If you’re starting to think an innovative finance ISA is an option for you, take a look at these providers.
- Funding Circle – up to 6.5% projected return
- Ratesetter – up to 4% projected return
- Zopa – up to 6% projected return
- Lending Works – up to 5.4% projected return
- Lending Crowd – varied returns (see below)
Some providers offer higher returns for more risk. For example, Lending Crowd has a fixed rate option with a projected return of 3.54%. But you could opt for the self-select option and choose how much to charge – up to 14.25% – on your loans. The catch? You’re taking the brunt of the risk – if people default, you won’t get your cash back.
Like any investment, there are no hard and fast rules for choosing the right IFISA for you.
Here are a few points to consider though:
- Go for a company that has a history.
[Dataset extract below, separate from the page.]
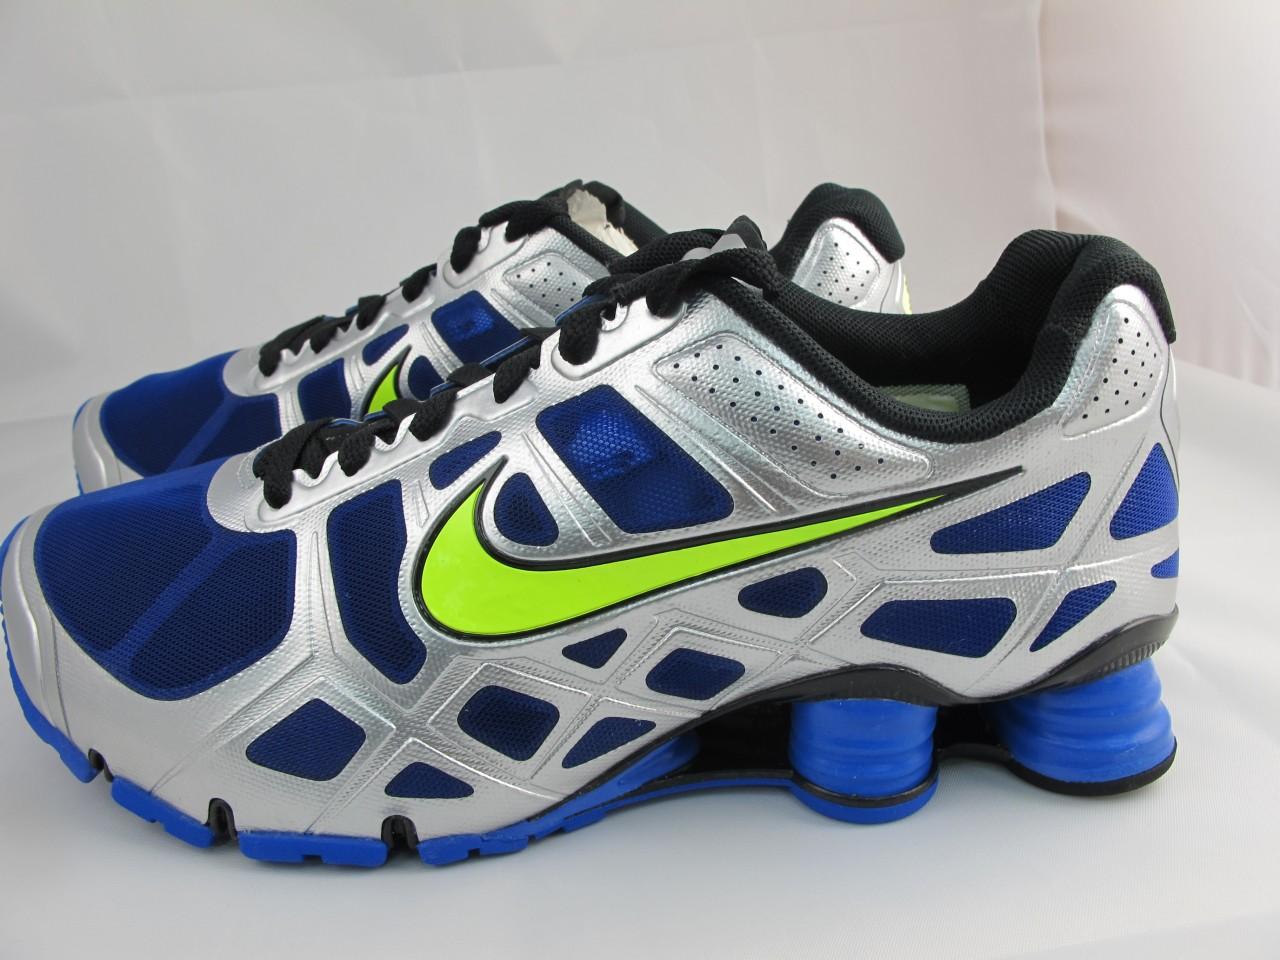 Nike Shox Blue And Green

The peer-to-peer sector is still quite new and many names have come and gone even in the couple of decades that it has been operating. If you haven’t invested in a peer-to-peer platform before, it’s probably worth going for a name that has been around for a while like Zopa, Ratesetter or Funding Circle.
- Make sure they are FCA approved. This is crucial, as mentioned above. You need to know that you are investing with a company that is regulated.
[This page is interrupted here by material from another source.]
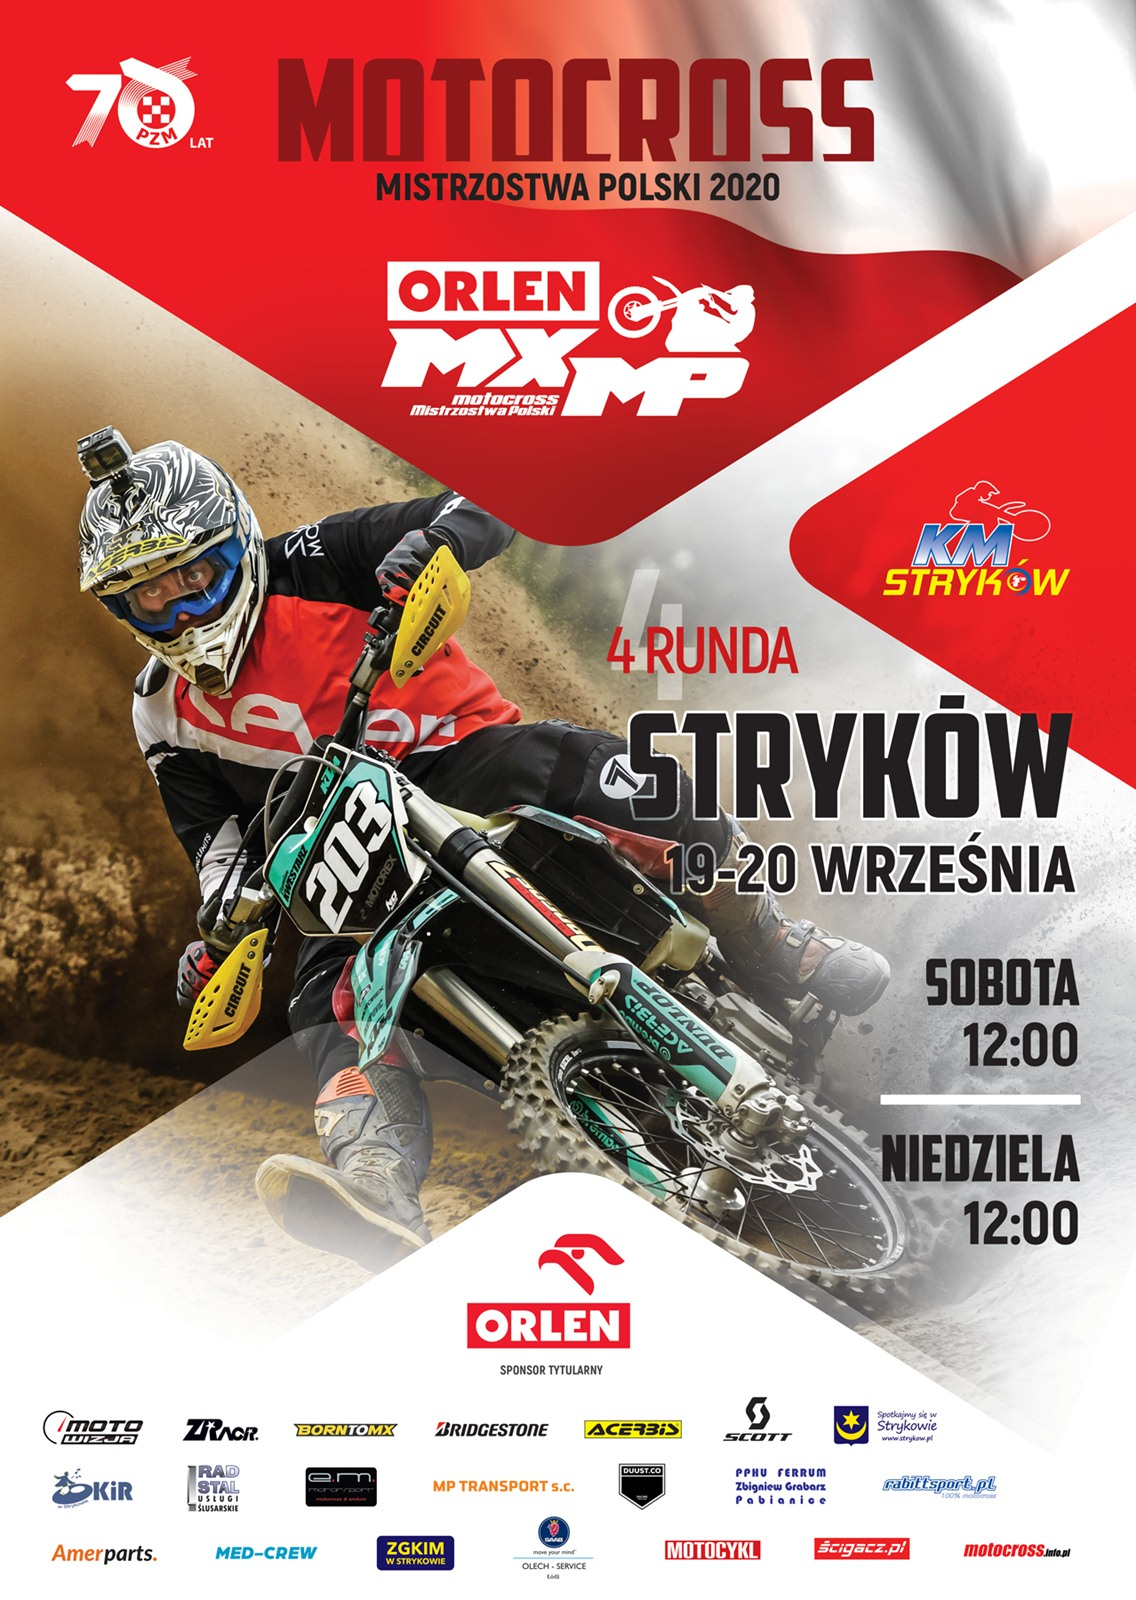 ORLEN MXMP Stryków 2020

- Read reviews and articles about the company you like the look of. There is a lot on the internet about peer-to-peer companies so see how other investors feel about the company you are looking at.
If you’ve got more than £20,000 to invest this year, you could look at P2P lending outside of your IFISA wrapper.
Property platform Blend Network offers potential returns of up to 12%. Property investment network British Pearl offer returns around 4.4% – or up to 11% (projected) if you opt to buy shares in their properties as part of your investment.
However, your money isn’t protected under FSCS and you also won’t get the tax-free benefits on your profits.
These platforms are worth considering once you have a decent amount of cash invested in more stable and time-tested products such as pensions and stocks and shares funds.
As Jasmine pointed out above, you need to have a solid financial base in other investments like equities ISAs before turning to P2P lending and IFISAs.
Equities ISAs spread the risk across several markets – whereas P2P lending is often very focussed on property, construction, and other commercial real estate activities. It’s also dependent on individuals and small businesses repaying their loans – rather than spreading risk across potentially hundreds of stocks in global markets.
Try Index Tracker Funds
An IFISA should be one strand of your larger financial strategy. Once you’ve got your stocks and shares ISAs up and running, an IFISA adds another potential revenue stream.
There are other ways to invest your money, too, that could grow your wealth much faster than leaving your savings stagnant in a cash ISA.
Index tracker funds are a popular choice for investors as they’re easy to use, offer fairly reliable long-term returns, and are less risky than investing in individual shares. They’re also cheap: there’s not very much hands-on work required by the fund provider, which lowers costs for the investor.